Monday, January 02, 2017

The Most Wordful Time of the Year


I hadn't planned to jump on the "word for the year" bandwagon which has been rumbling around for a few years; I've never been a resolution maker and am generally more of a symbol person than a word person (which you might think is ironic for a writer but I think it makes perfect sense; remind me to write some time about symbols...as I sit at my desk looking at a pile of rocks and a jar of feathers and a pine cone shaped like a heart...)

Where was I?
Oh, yes, my word for 2017.
It's FOCUS.
It came to me in a roundabout way, starting with a Vancouver writer blogging about her word for the next 365 days so I did a Google search to learn more. Then the idea worked its way into the opening of this week's Field Notes column, and it fit in perfectly with my sermon for church yesterday, which happened to be January 1st (it's a Christian church, friends, and we kinda have a whole thing going on about "the Word").
So some time on Saturday, while thinking ahead to what I'm working on this month and next, and what I'm jettisoning because it makes me distracted and unhappy, I said to my husband, "This year is all about focus."
And there you have it: a word for the year was born.
It's been in gestation for twenty years.
By focus, I mean "single-minded" as opposed to "being in". They are different concepts and in my case, I'm committing myself to the single-minded focus on my writing that I've never granted it before. What I've always wanted to do has always been totally in focus; not even a blurry edge. The problem was I couldn't see it, not because I'm near-sighted but because there were too many distractions keeping me from a clear sightline. Self-created distractions, which are the worst.
I mean, is this the reason I'm making noises about adding another cat to our household? The anxiety of starting something new makes me seek out distractions. 

Where was I?
Oh, yes, focus. It's my word for this year.And if you want it, it can be your word for 2017 as well. It's a friendly and open word, what with that big O sitting there like an embrace. What one project would you like to start, to work on, to complete? And what one thing can you do, what one thing (or person!) can you jettison, that would improve your focus?
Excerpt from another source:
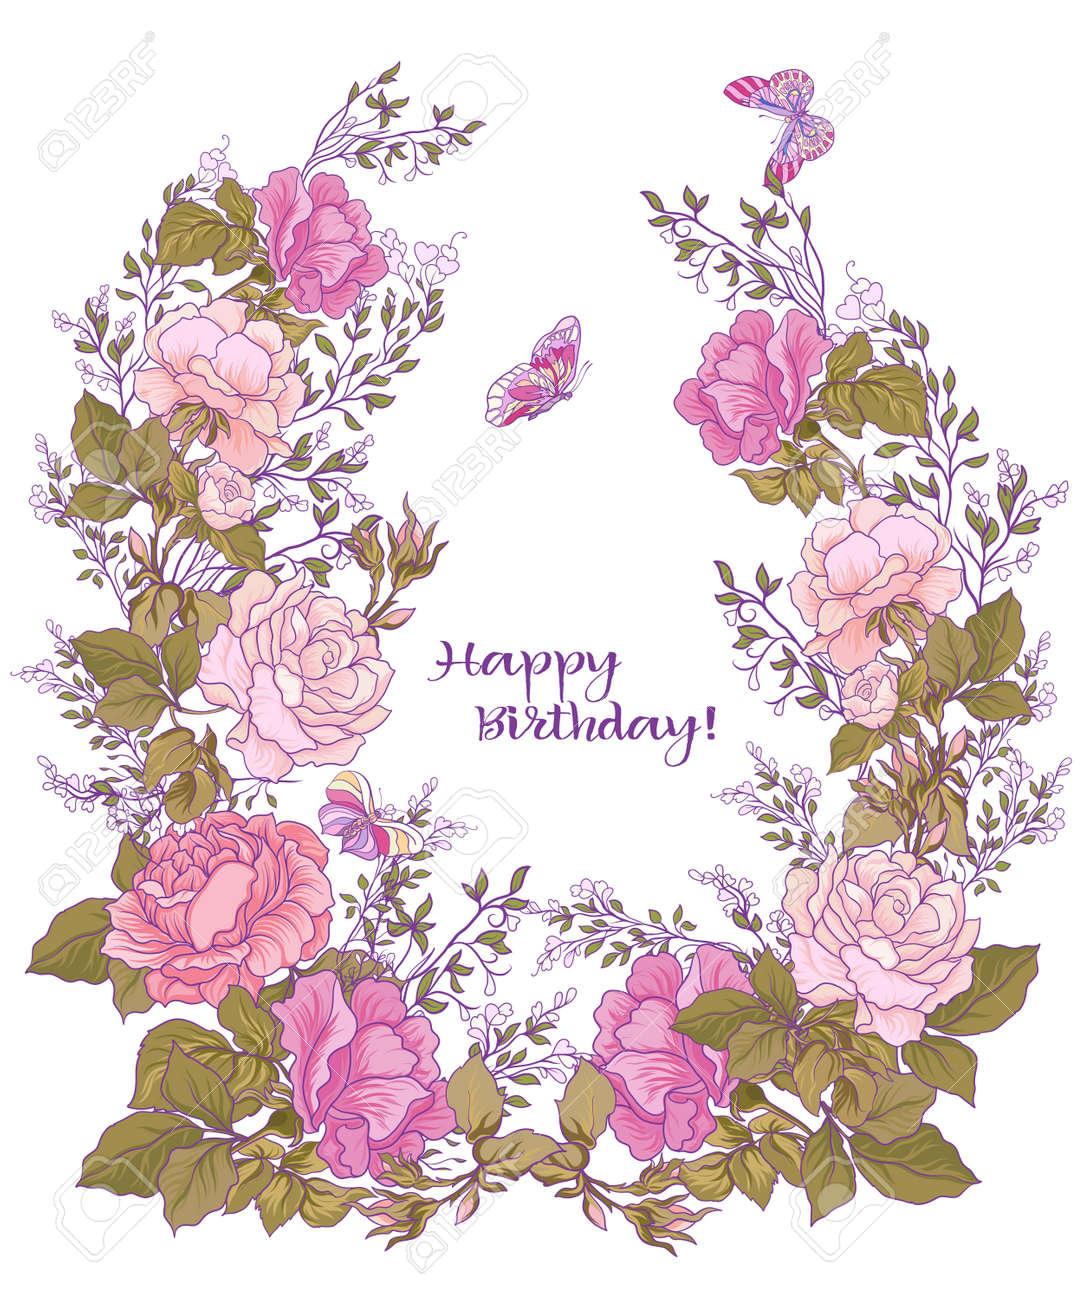 Priorità Bassa Del Fiore Di Rose E Farfalle Buono Per Biglietto Di Auguri Per Compleanno Invito O Banner Stock Vettoriale
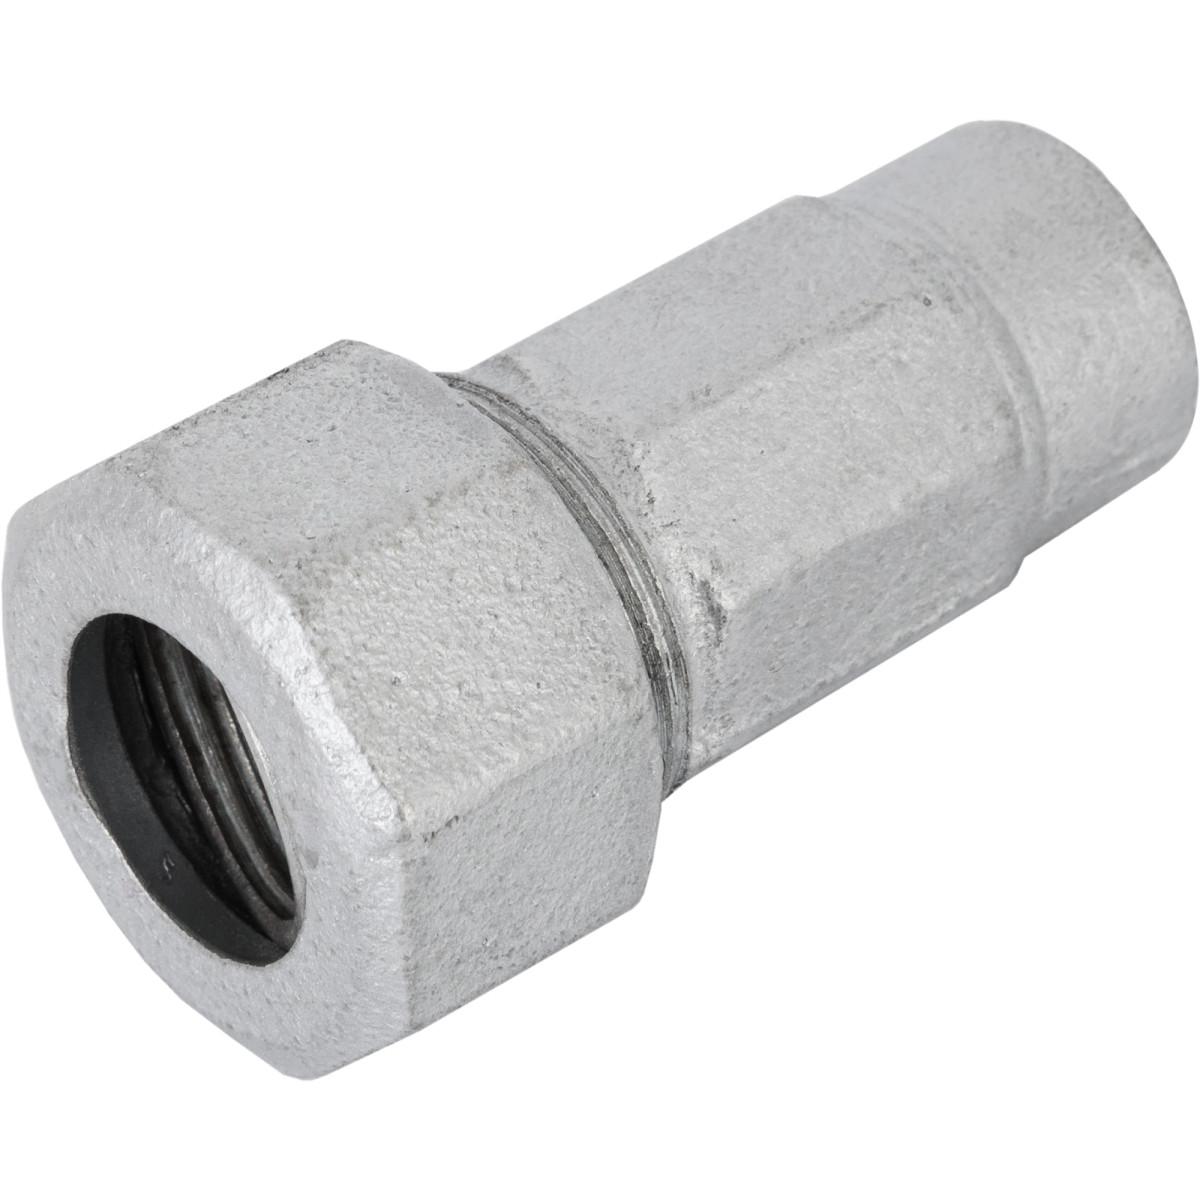 Муфта соединительная внутренняя резьба 1/2 мм

Sometimes it helps to narrow the focus so let me share what Nova Scotia author Kate Inglis wrote in her latest newsletter: If you write 1,000 words a day, in three months, you will have 90,000 words. That's a book. For three months, all you have to do is write 4 double-spaced pages a day (and it's a first draft so it can be as shitty as it wants, no one will see it) and you will have a book. You will have written that story that's been bouncing around in your brain like a bee in your bonnet, like ants in your pants, like a stone in your shoe. You will have built your hive, your hill, emptied your soul.
Please tell me you got that.
Find your FOCUS, my darling dreamers, and make 2017 the year you rid your body of those flitting, wriggling, poking ideas that are driving you crazy. Because there's enough crazy in world right now -- we need more hearts to sing.